Although your company's approach is probably not very common among Microsoft developers, it is used rather successfully in the Java world. In the long run it is probably better controlled than any alternative, but without a fair amount of support scripts/programs (which, for instance, update projects/solutions automatically when needed) it can easily become unmanageable. In the Java world it is directly supported by tools such as Maven.
A lot of my projects contain the Castle/NHibernate/Rhino-Tools stack. What's confusing about this is that Castle depends on some NHibernate libraries, NHibernate depends on some Castle libraries, and Rhino-Tools depends on both.
I've built all three projects on my machine, but I feel that copying the NHibernate/Castle libraries is a bit redundant since I built Rhino-Tools using the resulting libraries from my NHibernate and Castle builds.
Right now, I include all projects in seperate folders in my /thirdparty/libs folder in my project tree. Should I simply just have /thirdparty/libs/rhino-tools in my project and use the Castle/NHibernate libs from there? That would seem to make logical sense in not duplicating files, but I also like having each project in it's own distinct folder.
What are your views on this?
This is one of the problems that we're trying to tackle in the Refix open source project on CodePlex.

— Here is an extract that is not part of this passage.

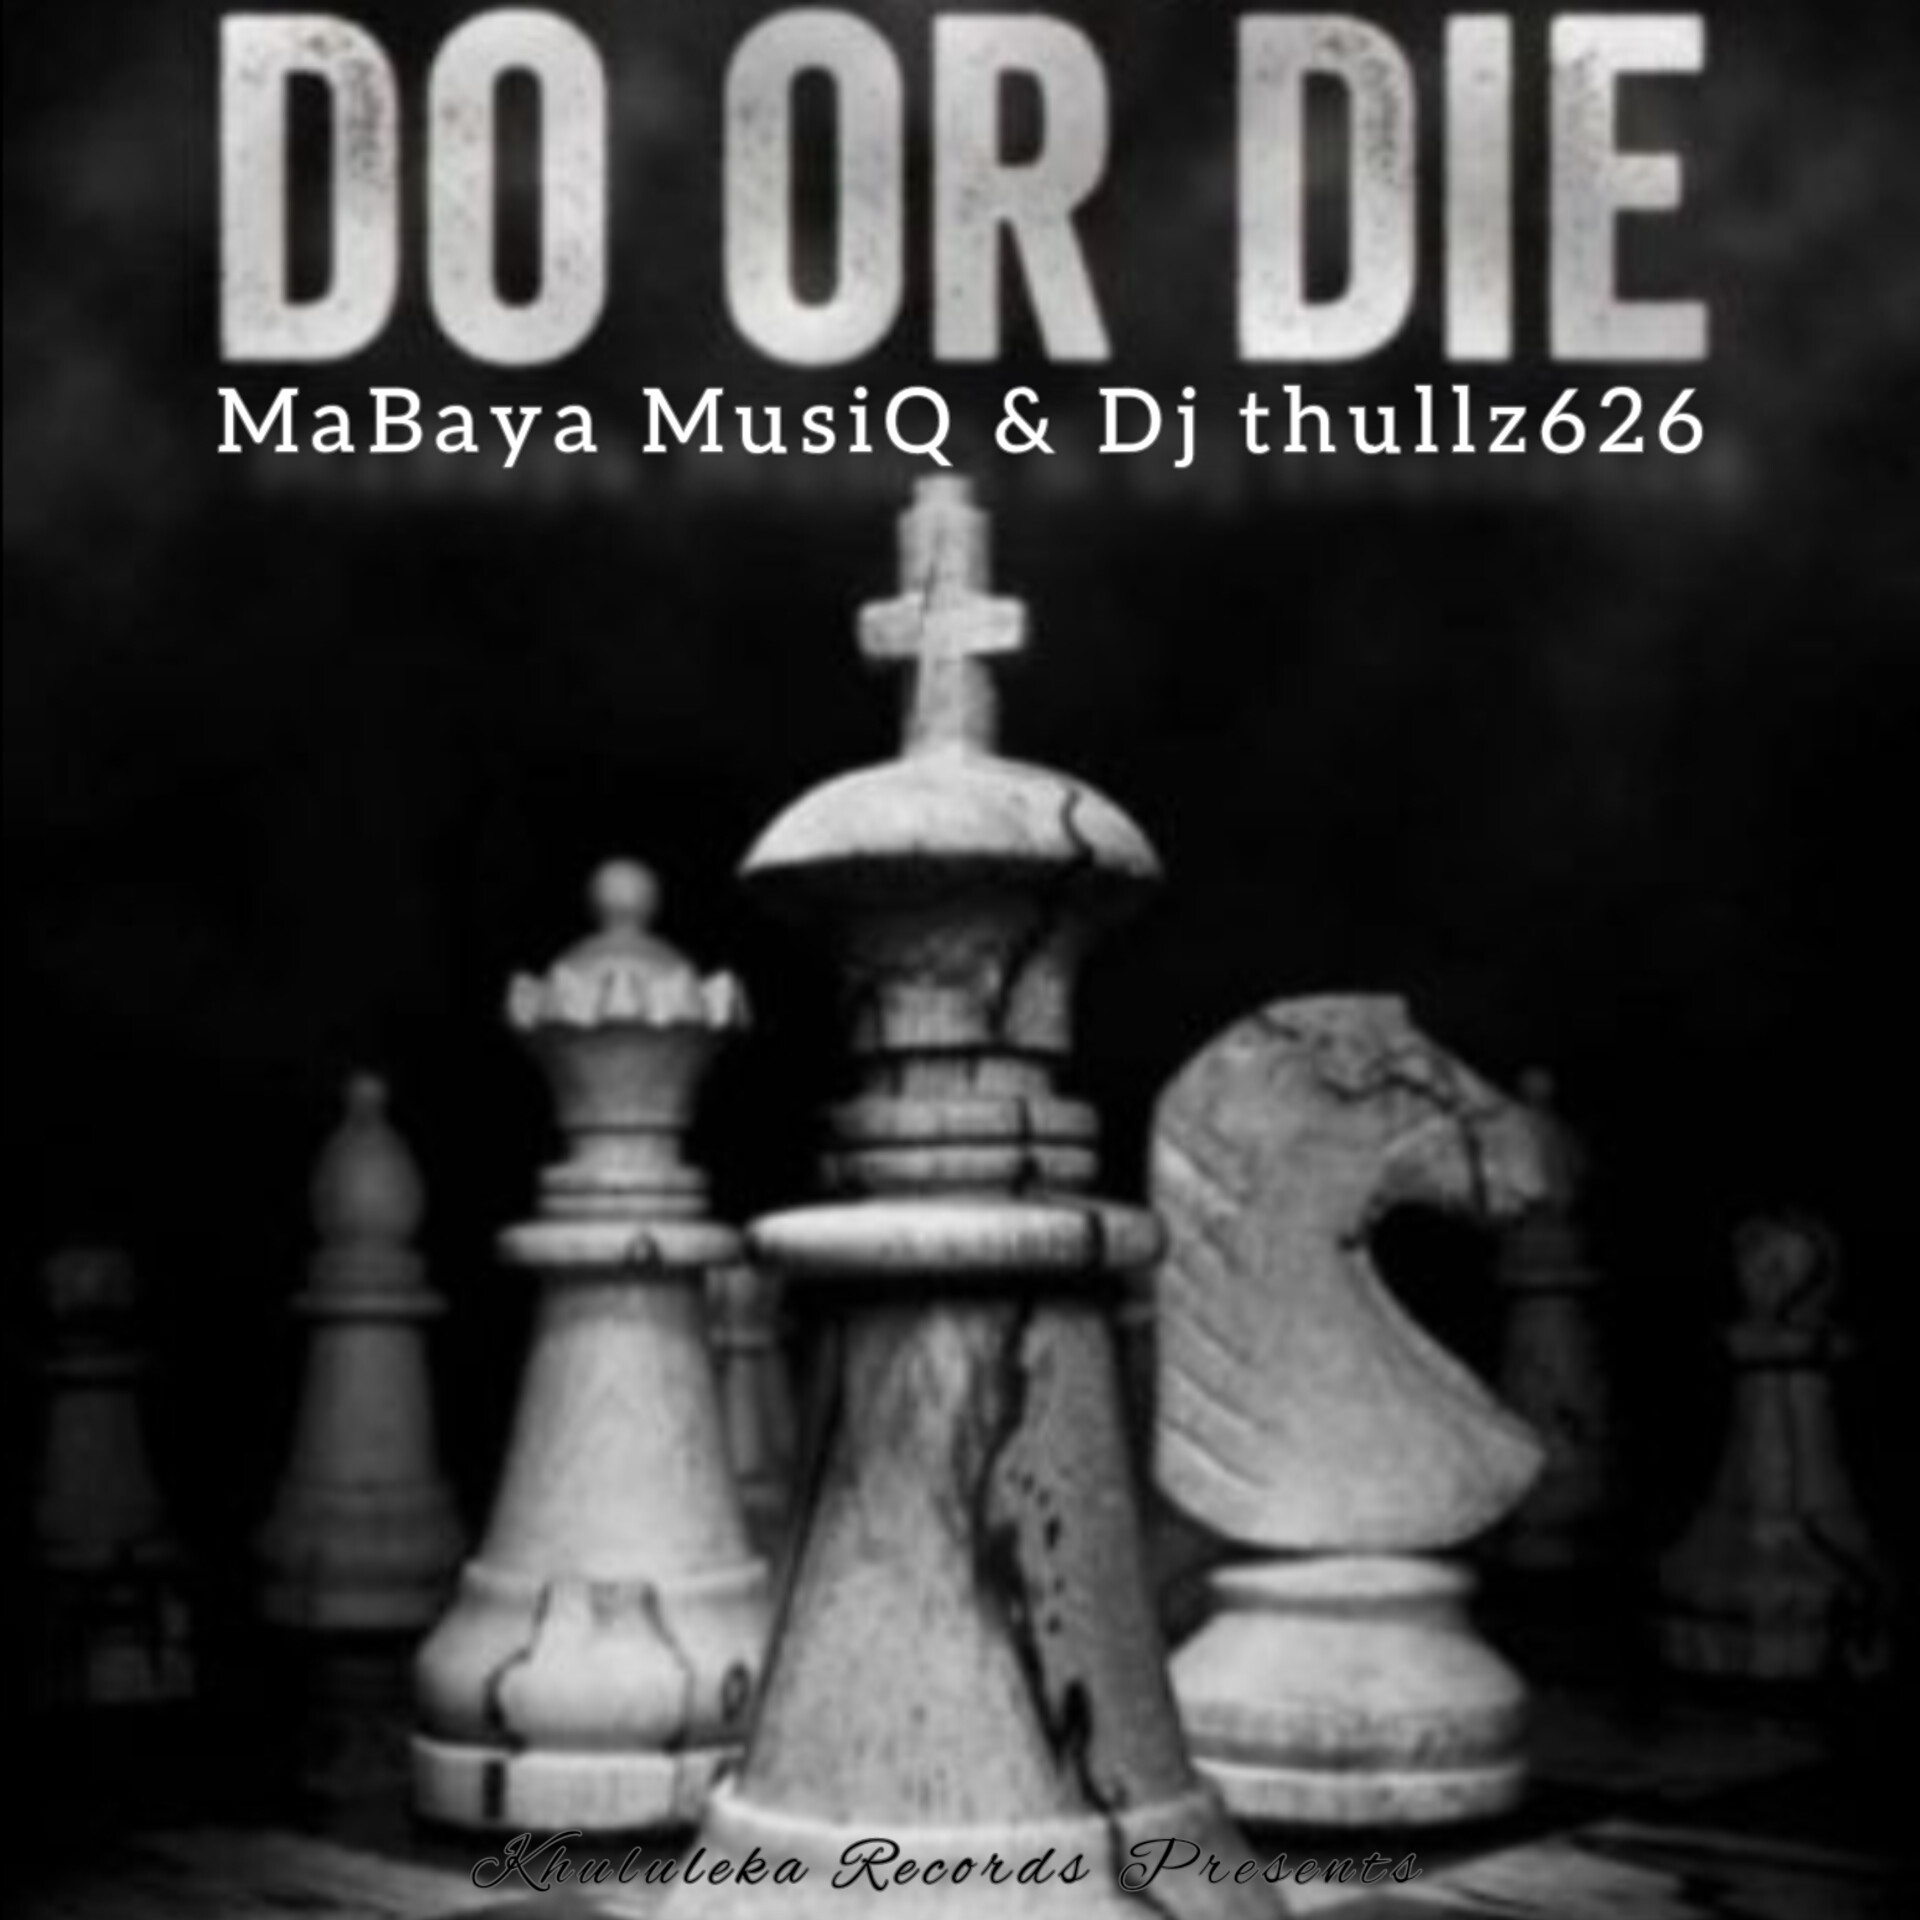 Do Or Die - MaBaya MusiQ & Dj thullz626

The idea is that Refix will parse all the projects in your solution, and before your project compiles, copy the necessary binaries from a single local repository on your machine into a folder within the solution tree and point the projects at them. This way, there's no need to commit the binaries. Your local Refix repository will pull binaries from a remote one (we're setting one up at repo.refixcentral.com), and you can set up an intermediate one for your team/department/company that can hold any additional software not held centrally.
It will also try to resolve conflicting version numbers - Visual Studio can be too forgiving of mismatched component version numbers, leading to solutions that compile but fall over at run time when they fail to load a dependency because two different versions would be needed.

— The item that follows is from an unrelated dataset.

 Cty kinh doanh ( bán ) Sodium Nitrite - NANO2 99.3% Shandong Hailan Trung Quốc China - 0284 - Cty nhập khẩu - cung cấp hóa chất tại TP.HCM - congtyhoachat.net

So to answer the question "how do you package external libraries in your .Net projects", our vision is that you don't - you just include a Refix step in your build script, and let it worry about it for you.
I use a folder for each, which seems to be the convention.
Does it really make a difference if you're copying them?
What if you want to switch one out? Let's say you go with a new O/R mapper. It will be much easier to just delete the NHibernate folder than to selectively delete DLLs in your Rhino-Tools folder.
Take this to it's logical conclusion and you won't have any folder organization in your lib folder since everything uses log4net :)
Add additional probing paths to your app.config files to locate the dependency dlls. This way your can get away with having just one copy of everything you want. Though there are some quirks to using this feature (you must create the folder structure in a certain way). Look here for more details on the tag.
I will definetly recommend having a thirdparty or vendor folder in each of your project trees. If you find it annoying to have 32 copies of the rhino-tools package, you can have a single copy of it in your code repository, and do external references to it in your project tree.
Lets say you are using SVN, you can make a repository called "thirdparty libs" and in this have versioned copies of the libs. You then make an external property on your "thirdparty"-folder in your project tree which then in turn automaticly will do a check out of your centralized thirdparty libs. This way you for instance only have to update in one place if a security or a bugfix comes out, but each project is still in command of choosing which thirdparty libs, and which versions to use.
About the deps internally in thirdparty libs, i wouldn't mind those. The first time you compile your project, and some of the libs arent copied to your bin-folder because of implicit dependencies you can add an external attribute into your bin-folder, which will then automaticly check out the missing libs. That way you still only have to update your thirdparty libs in one place.